------ Given information

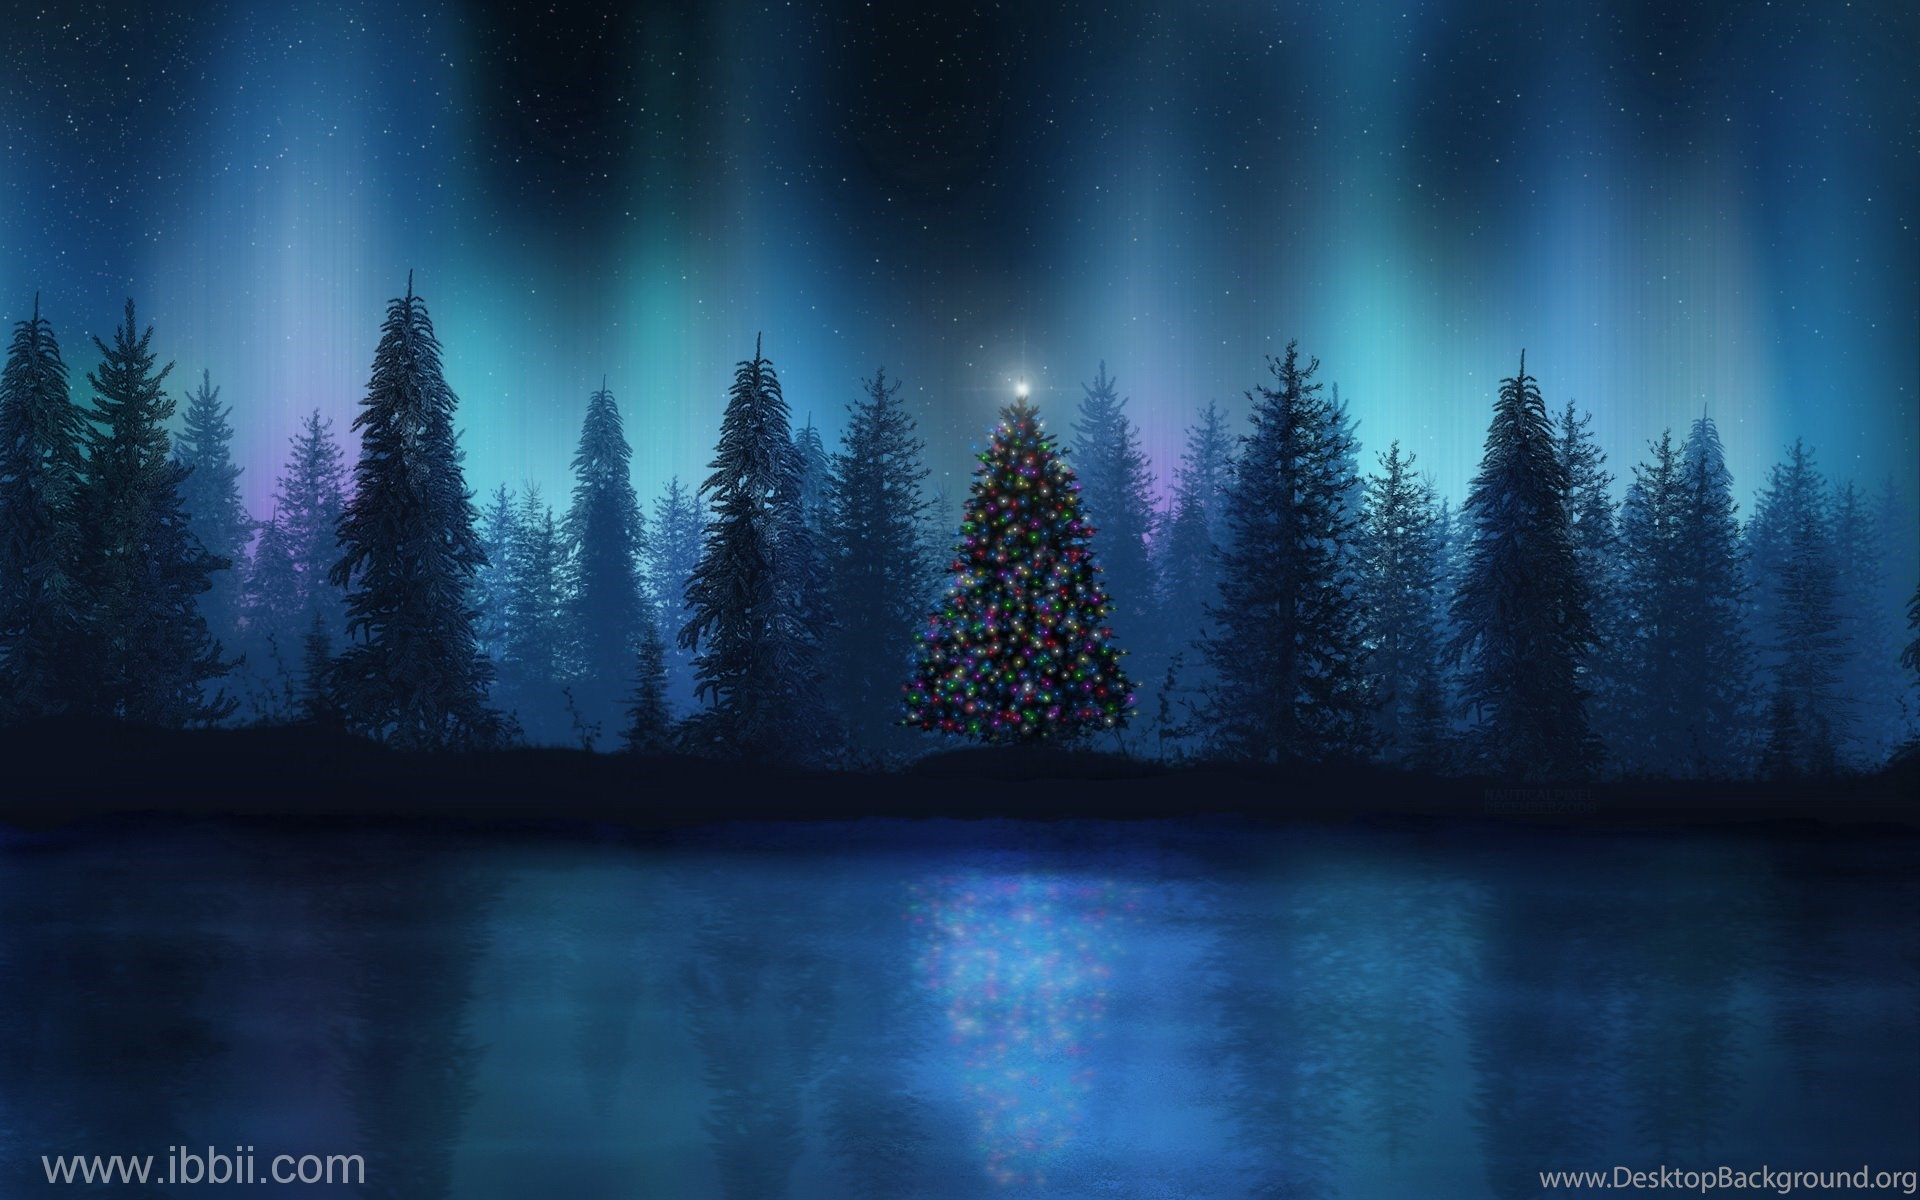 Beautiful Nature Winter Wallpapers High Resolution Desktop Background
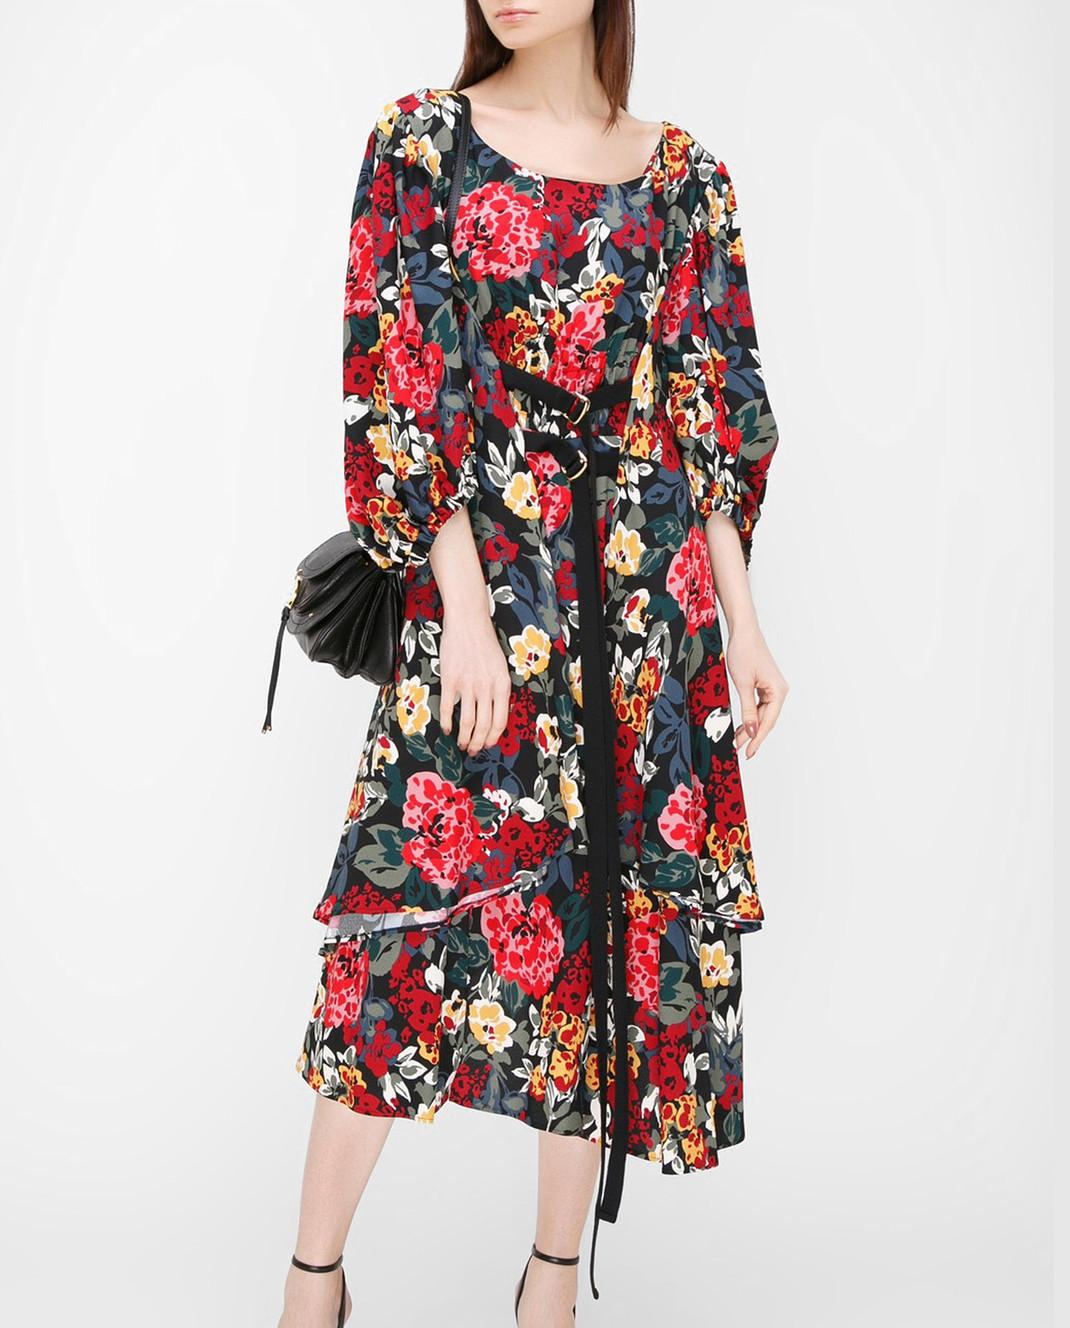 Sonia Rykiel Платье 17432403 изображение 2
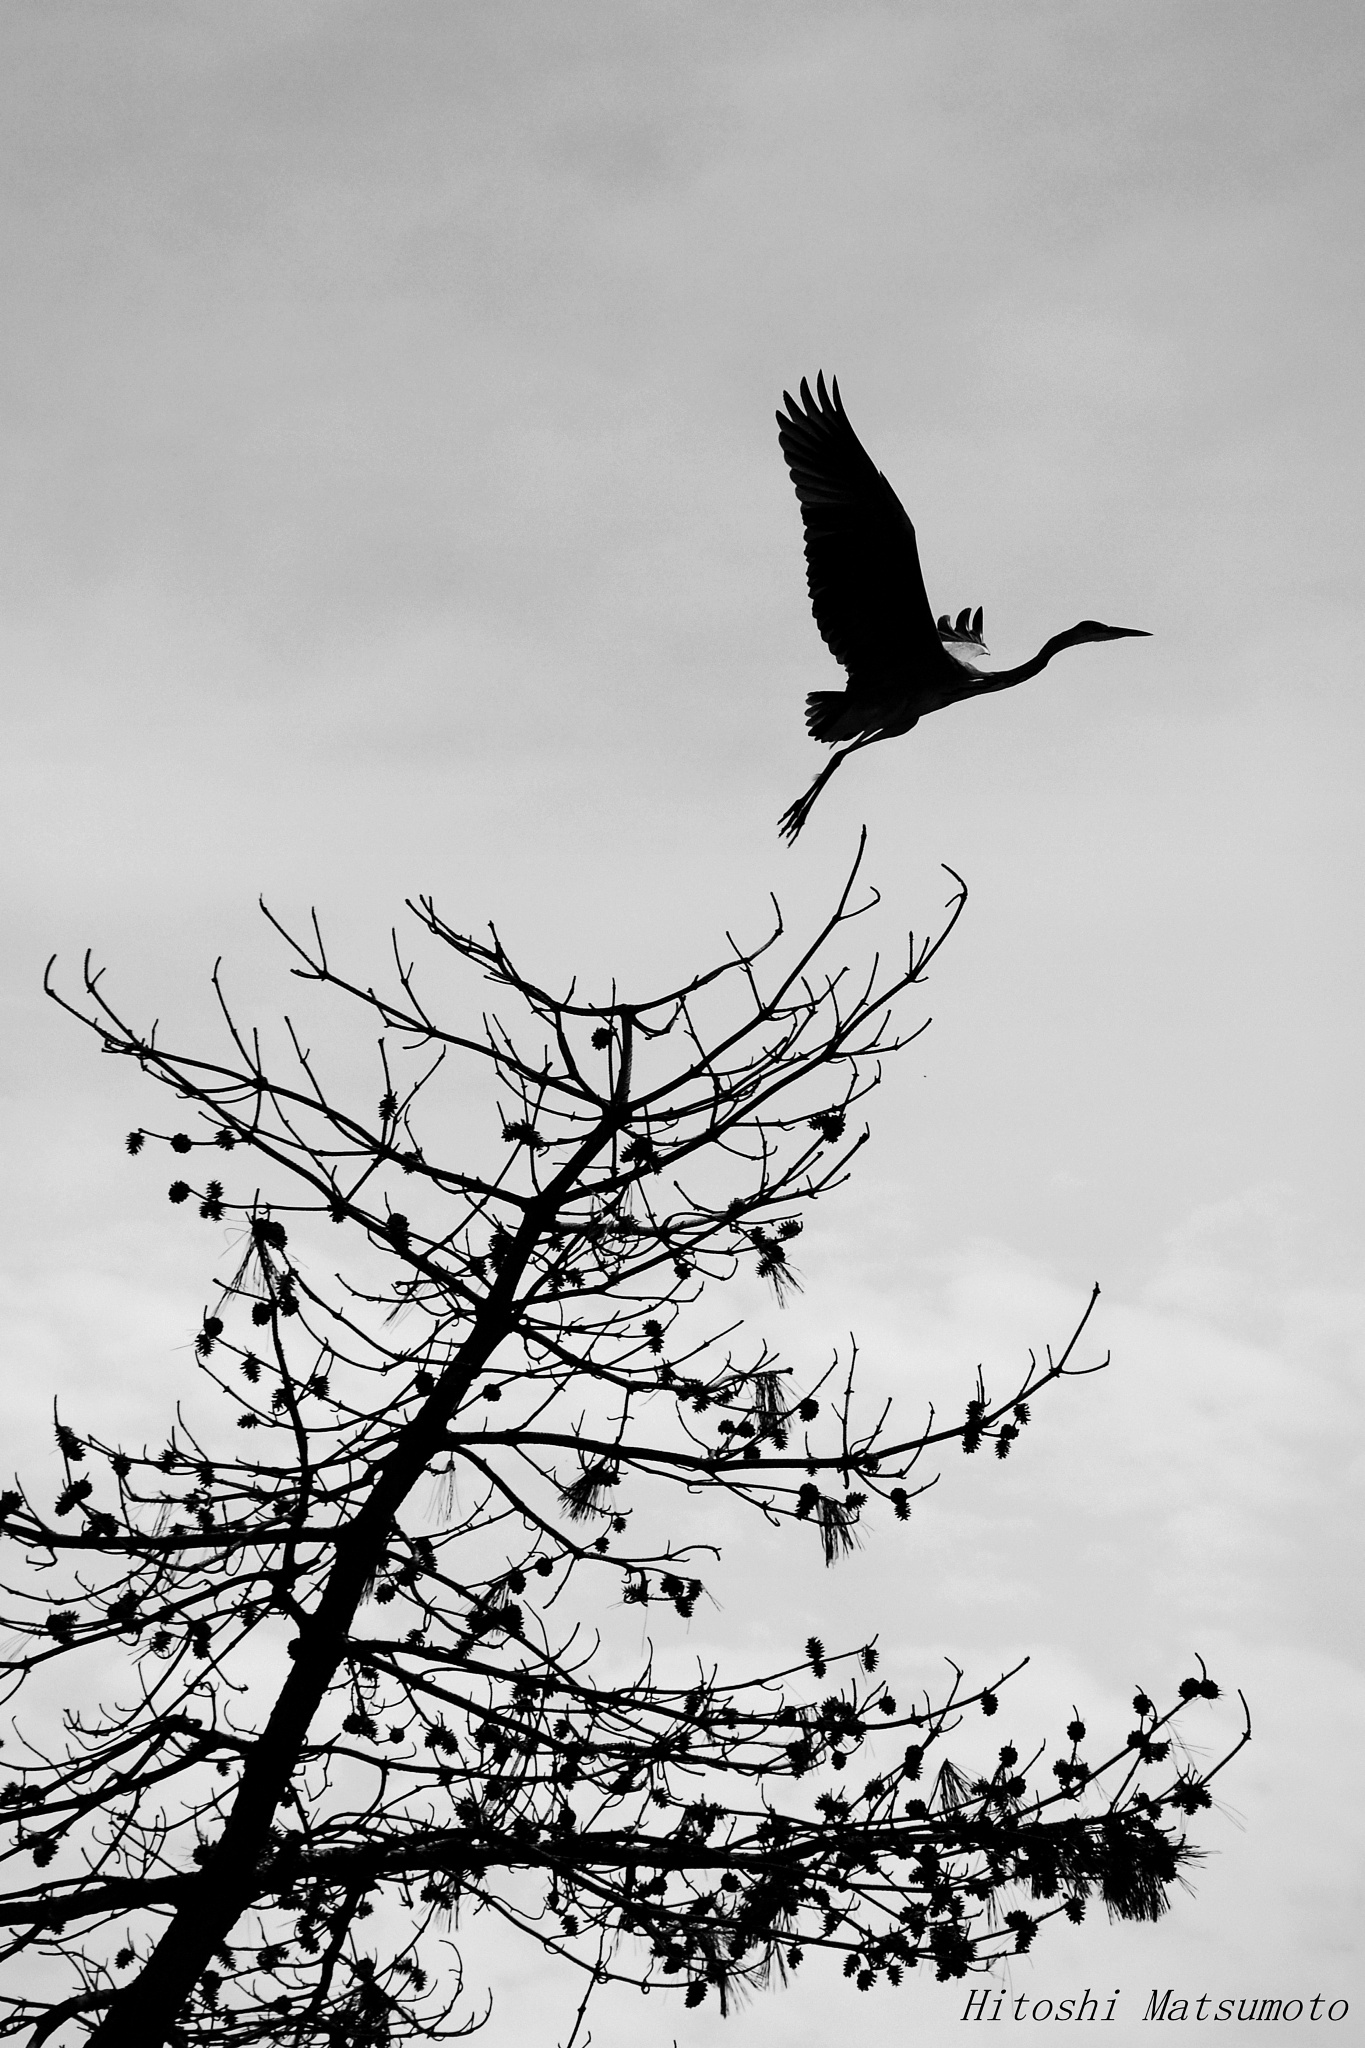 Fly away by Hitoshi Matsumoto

------------

* **Problem details**
None of the pictures should be kept; reproduce all the remaining material exactly.

* **Solved exercise**
 Beautiful Nature Winter Wallpapers High Resolution Desktop Background
 Sonia Rykiel Платье 17432403 изображение 2
 Fly away by Hitoshi Matsumoto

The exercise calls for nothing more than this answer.